A large language model (LLM) is a language model consisting of a neural network with many parameters (typically billions of weights or more), trained on large quantities of unlabelled text using unsupervised learning. LLMs emerged around 2018 and perform well at a wide variety of tasks. This has shifted the focus of natural language processing research away from the previous paradigm of training specialized supervised models for specific tasks.

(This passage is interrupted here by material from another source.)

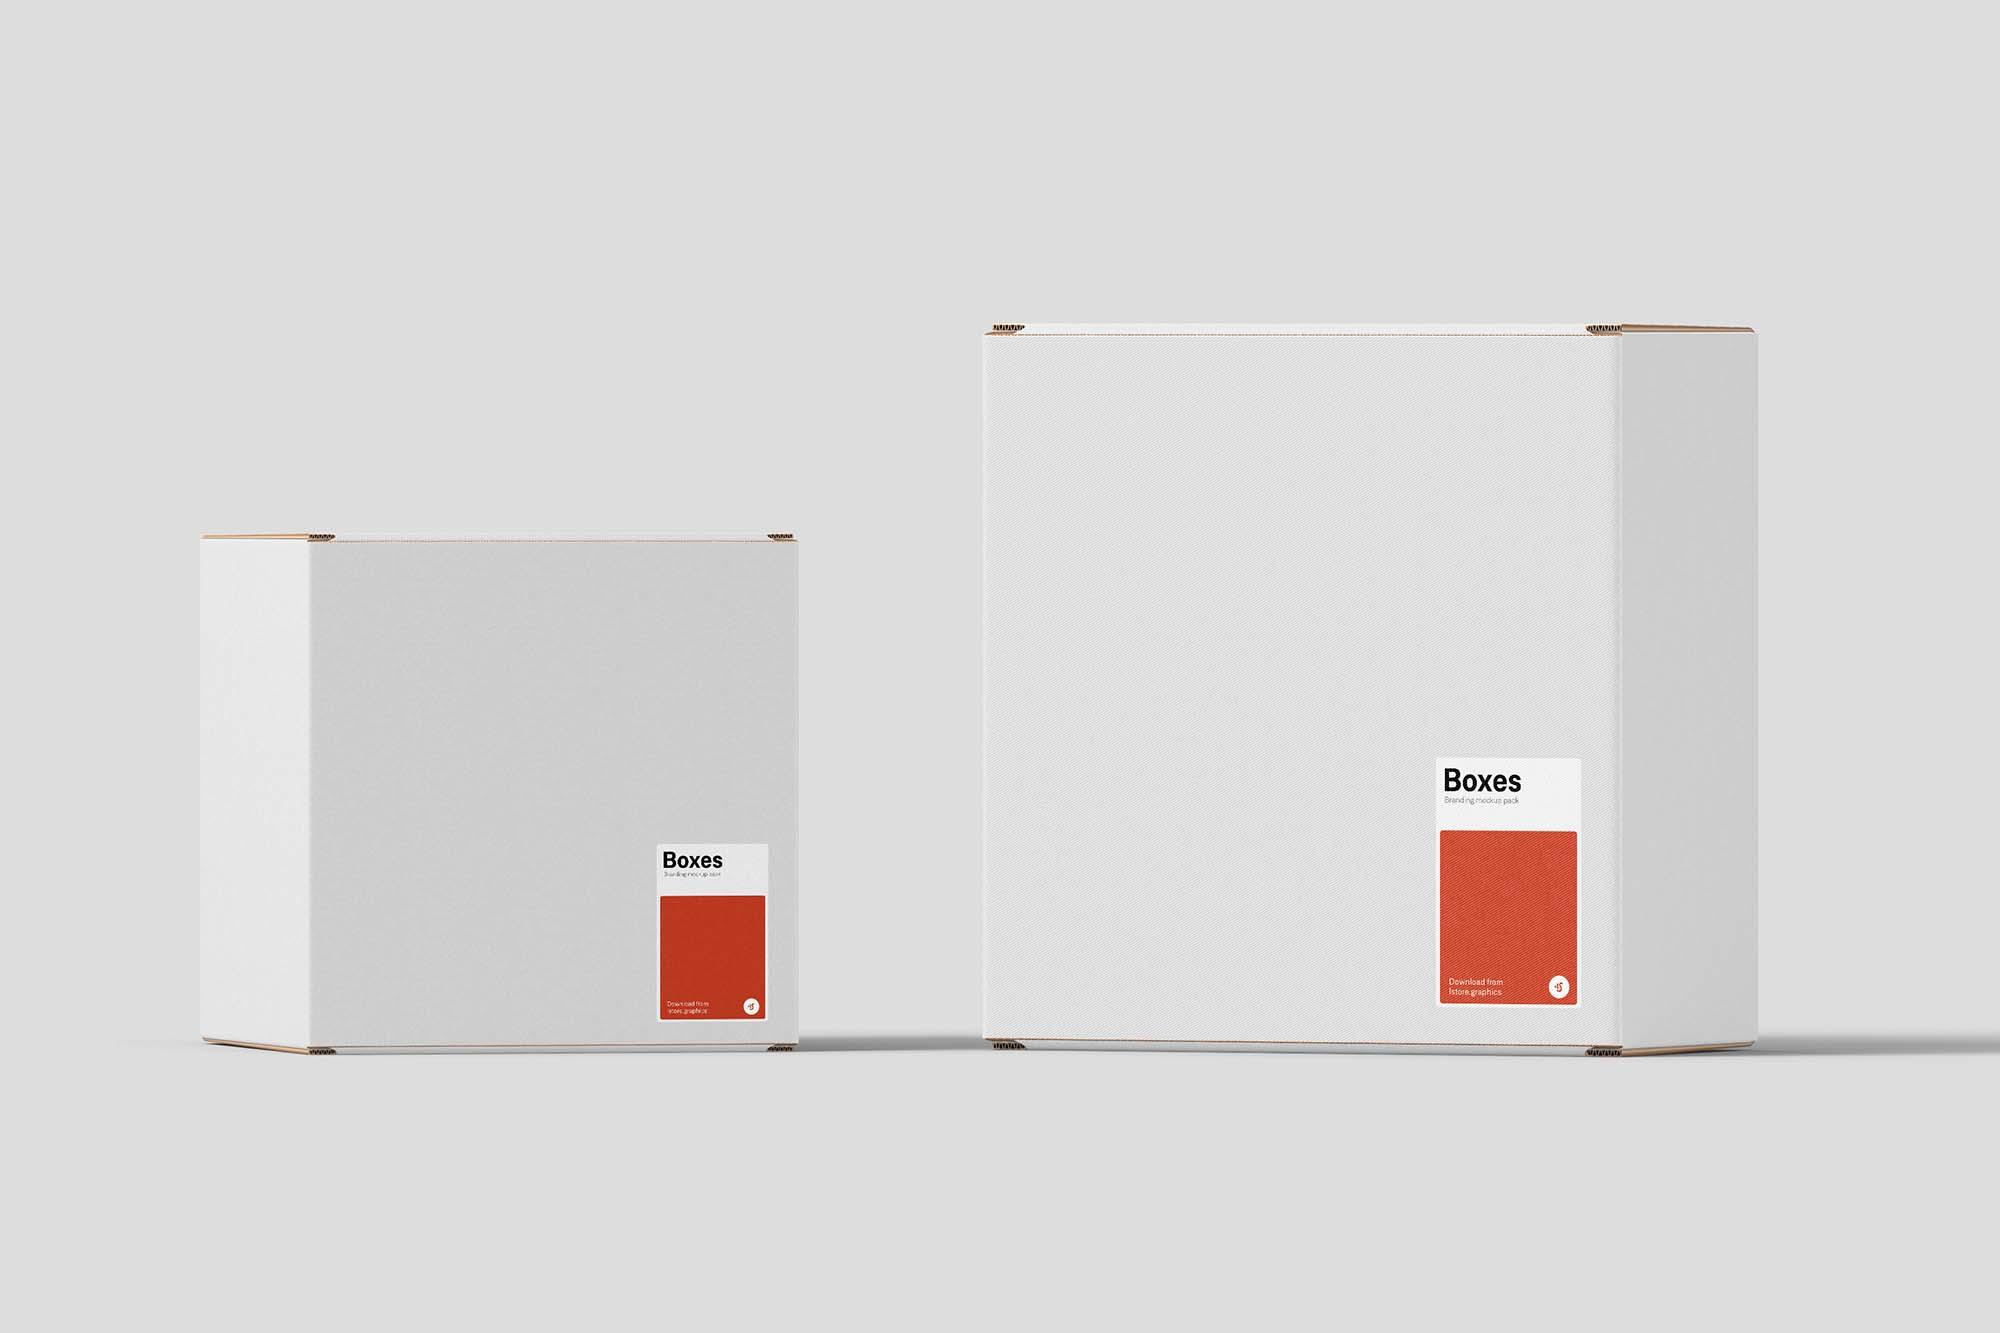 Boxes Mockup 2

Though the term large language model has no formal definition, it generally refers to deep learning models having a parameter count on the order of billions or more. LLMs are general purpose models which excel at a wide range of tasks, as opposed to being trained for one specific task (such as sentiment analysis, named entity recognition, or mathematical reasoning). Though trained on simple tasks along the lines of predicting the next word in a sentence, neural language models with sufficient training and parameter counts are found to capture much of the syntax and semantics of human language. In addition, large language models demonstrate considerable general knowledge about the world, and are able to "memorize" a great quantity of facts during training.
Architecture and training
Large language models have most commonly used the transformer architecture, which, since 2018, has become the standard deep learning technique for sequential data (previously, recurrent architectures such as the LSTM were most common). LLMs are trained in an unsupervised manner on unannotated text. A left-to-right transformer is trained to maximize the probability assigned to the next word in the training data, given the previous context. Alternatively, an LLM may use a bidirectional transformer (as in the example of BERT), which assigns a probability distribution over words given access to both preceding and following context. In addition to the task of predicting the next word or "filling in the blanks", LLMs may be trained on auxiliary tasks which test their understanding of the data distribution such as Next Sentence Prediction (NSP), in which pairs of sentences are presented and the model must predict whether they appear side-by-side in the training corpus.
The earliest LLMs were trained on corpora having on the order of billions of words. The initial version of GPT was trained in 2018 on BookCorpus, consisting of 985 million words. In the same year, BERT was trained on a combination of BookCorpus and English Wikipedia, totalling 3.3 billion words. In the years since then, training corpora for LLMs have increased by orders of magnitude, reaching up to hundreds of billions or trillions of tokens.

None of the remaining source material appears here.